Sophocles’ Oedipus the King offers an additional female character that could arguably fit into this mold of the “passive” woman. Jocasta, the Queen of Thebes, is depicted of having a fairly submissive and accepting personality, as she is content in playing the part of the loving mother and supportive wife. She emerges simply as reactionary figure, as a woman more buffeted by events than in control of them. Sophocles portrays a one-dimensional, dull character without much substance. Whilst Jocasta and Cassandra indeed share several qualities, Aeschylus’s character is far more richer and complex character. Cassandra is endowed with the unique attribute of existing outside the realm of a mere mortal but is simultaneously trapped in the very mortal body of helpless slave. Sadly though, Jocasta offers a far more realistic portrait of ancient Athenian woman.
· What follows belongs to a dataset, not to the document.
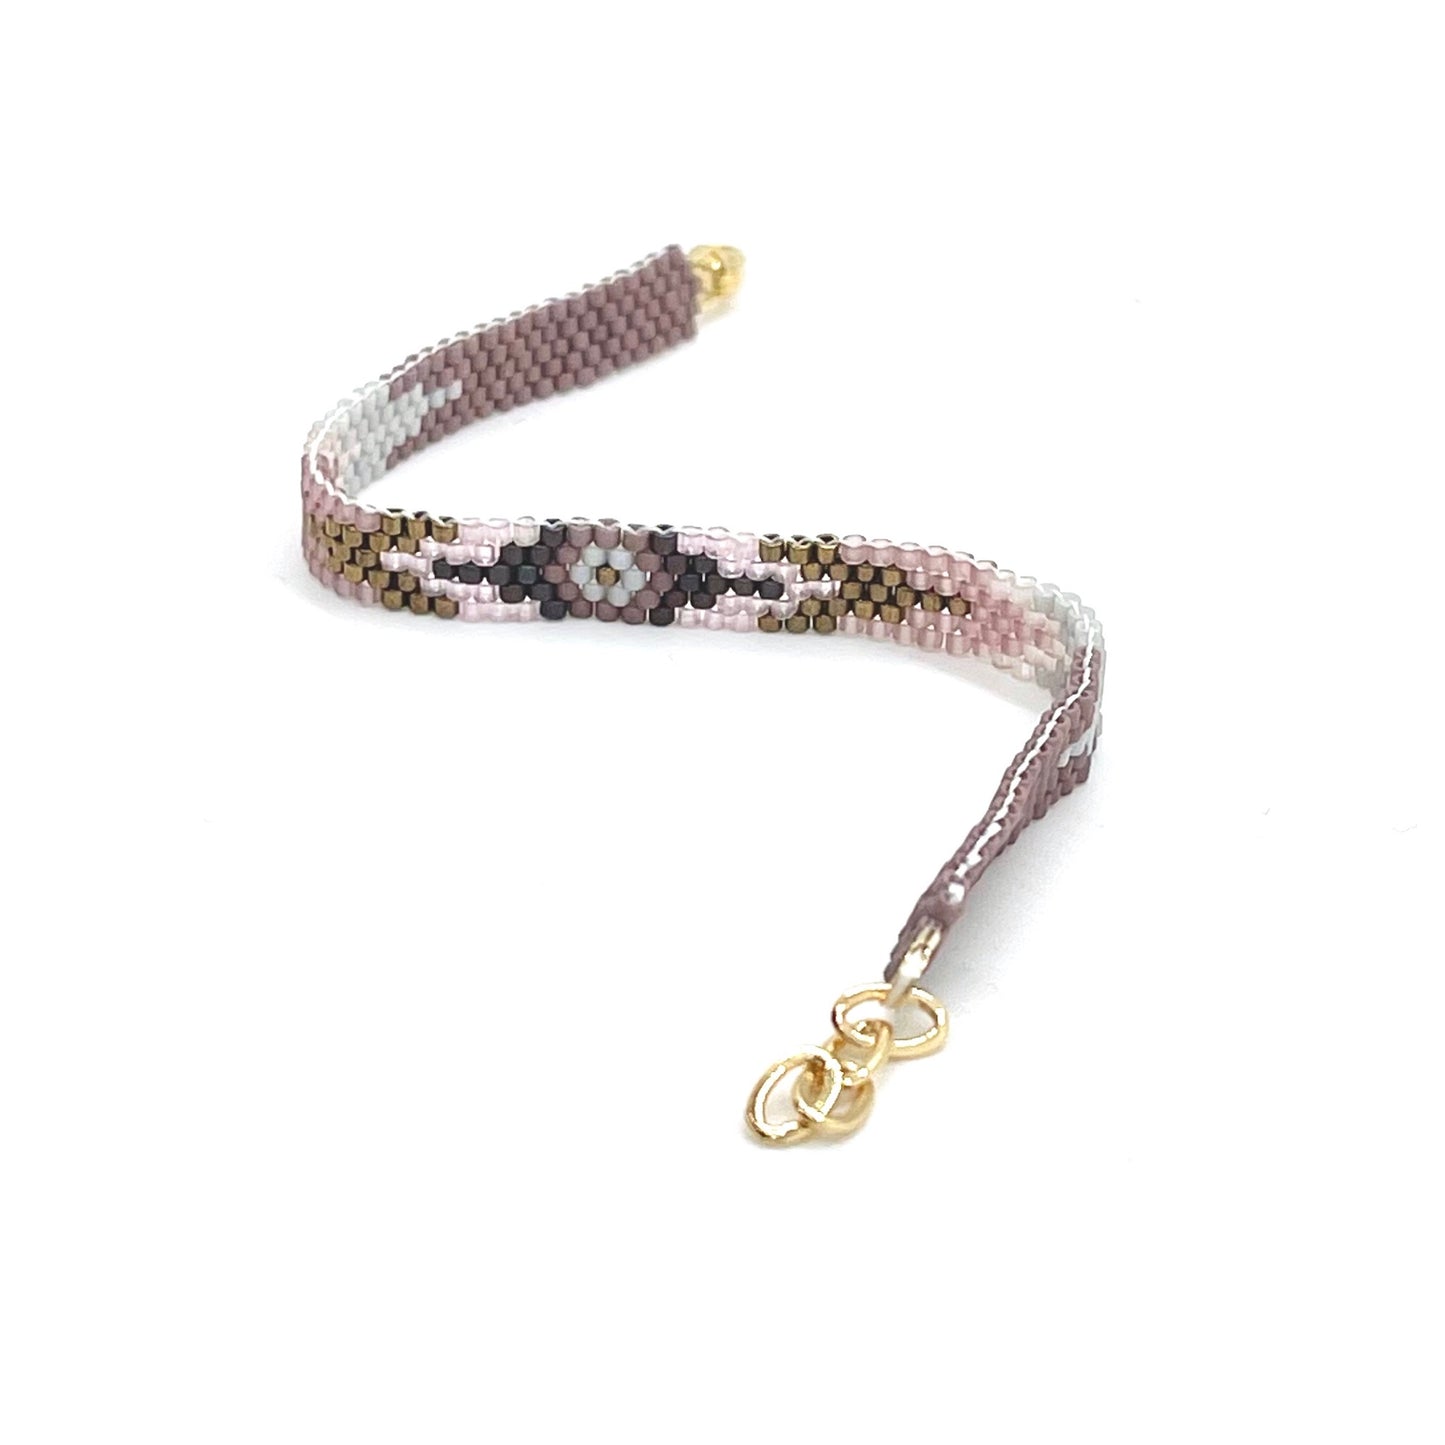 Purple beaded peyote stitch bracelet with seed beads in mauve, plum, rose, and bronze. Hand stitched in an arrow pattern with a flower center.

As illustrated above, women in Greek tragedies often played the role of the fetishized victim or the powerful “masculine” avenger. The Greek playwrights also endowed their female characters with many stereotypes usually linked to their gender. The vindictive, irrational, jealous woman is portrayed alongside the submissive placid female. However, Euripides’ occasionally diverts from this typecasting of women as he portrayed an independent and intelligent, and initially sympathetic, female figure. Yet, even the most complex and well-developed female character reinforces the Athenian stereotypes of women’s nature. While whether the male writers were actually misogynists will never be known, several of their plays contain a subtle misogynistic undercurrent. Conspicuously, the majority of Greek tragedies reflect the fear and suspicion held among the Athenian male population about woman. Moreover, female characters assisted in the male construct of identity as they often “serve as anti- models as well as hidden models for the masculine self” and to serve to reinforce the prominence of the ruling male class. However, the representations of woman in most plays do not gratuitously take part in simple ‘female bashing.” The Greek dramatists, most notably Euripides’, often treated woman with great insight and fairness.